In deze uitspraak beoordeelt de rechtbank Den Haag het beroep van een Syrische eiser tegen de afwijzing van zijn asielaanvraag. Eiser, geboren in 1978, diende op 9 september 2021 een aanvraag in voor een verblijfsvergunning asiel, welke door de staatssecretaris van Justitie en Veiligheid op 20 mei 2023 als kennelijk ongegrond werd afgewezen. De rechtbank heeft het beroep op 27 juni 2023 behandeld, waarbij de zitting werd geschorst in afwachting van een uitspraak van het Hof van Justitie van de Europese Unie over de Terugkeerrichtlijn. Na de uitspraak van het Hof heeft de rechtbank partijen gevraagd om te reageren, maar omdat beide partijen niet tijdig reageerden, heeft de rechtbank zonder nadere zitting uitspraak gedaan.
Eiser heeft zijn asielaanvraag onderbouwd met de stelling dat hij in 2013 heeft deelgenomen aan een demonstratie tegen het regime in Syrië, waarna de inlichtingendienst zijn familie heeft ondervraagd.
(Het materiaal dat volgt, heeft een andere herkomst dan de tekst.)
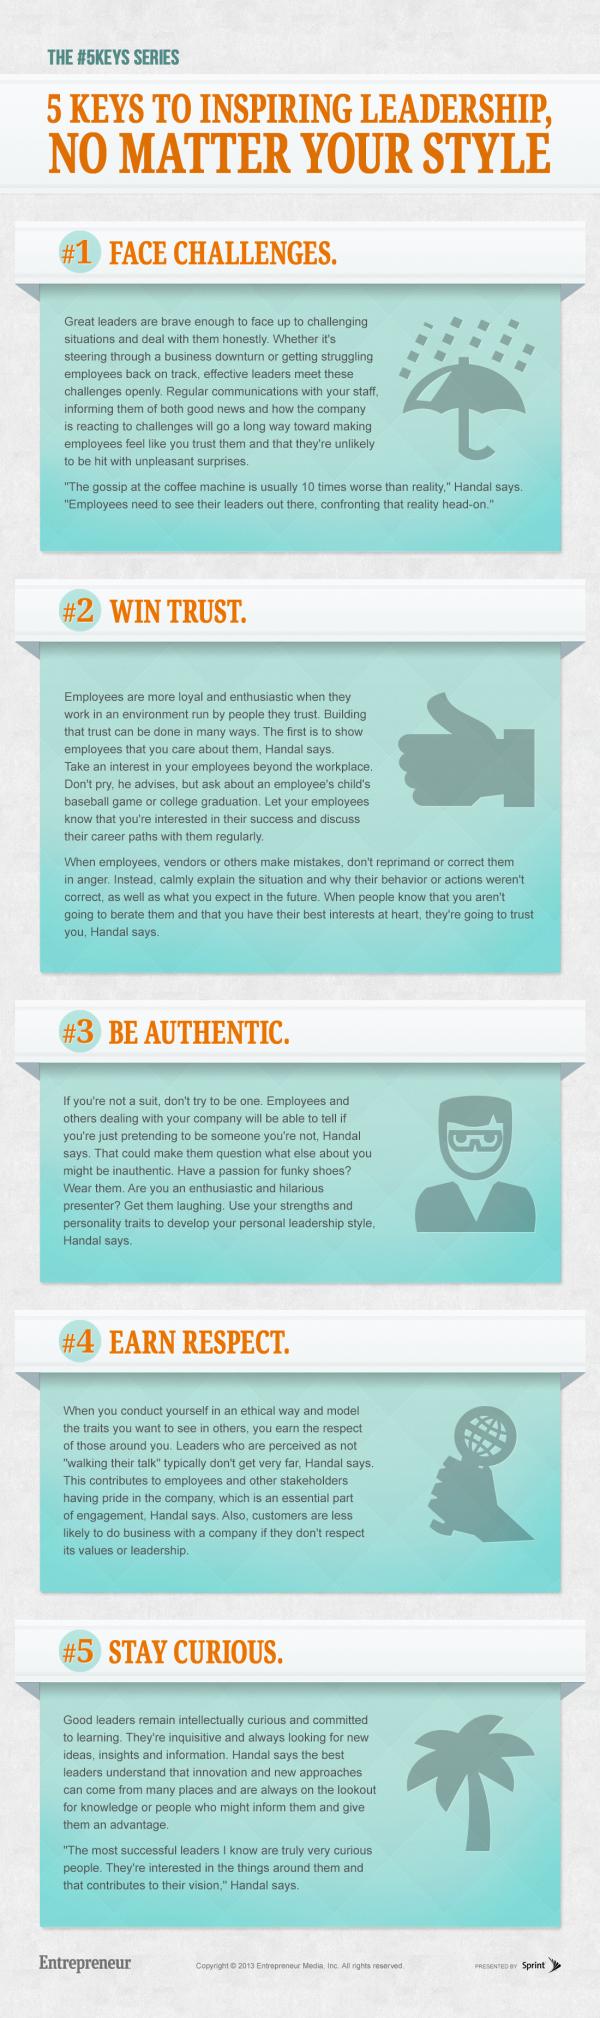 5-keys-infographic-inspiring-leadership-resized-600.jpg

Verweerder heeft echter geconcludeerd dat eiser niet aannemelijk heeft gemaakt dat hij momenteel nog gegronde vrees heeft voor vervolging. De rechtbank oordeelt dat verweerder terecht heeft vastgesteld dat eiser een ernstig misdrijf heeft gepleegd, wat hem uitsluit van subsidiaire bescherming. Echter, de rechtbank oordeelt dat het terugkeerbesluit en het inreisverbod ten onrechte zijn opgelegd, omdat dit in strijd is met het Unierecht.
De rechtbank vernietigt het bestreden besluit voor zover het een terugkeerbesluit en inreisverbod inhoudt, maar laat de afwijzing van de asielaanvraag als kennelijk ongegrond in stand. De rechtbank veroordeelt verweerder in de proceskosten van eiser tot een bedrag van € 2.187,50.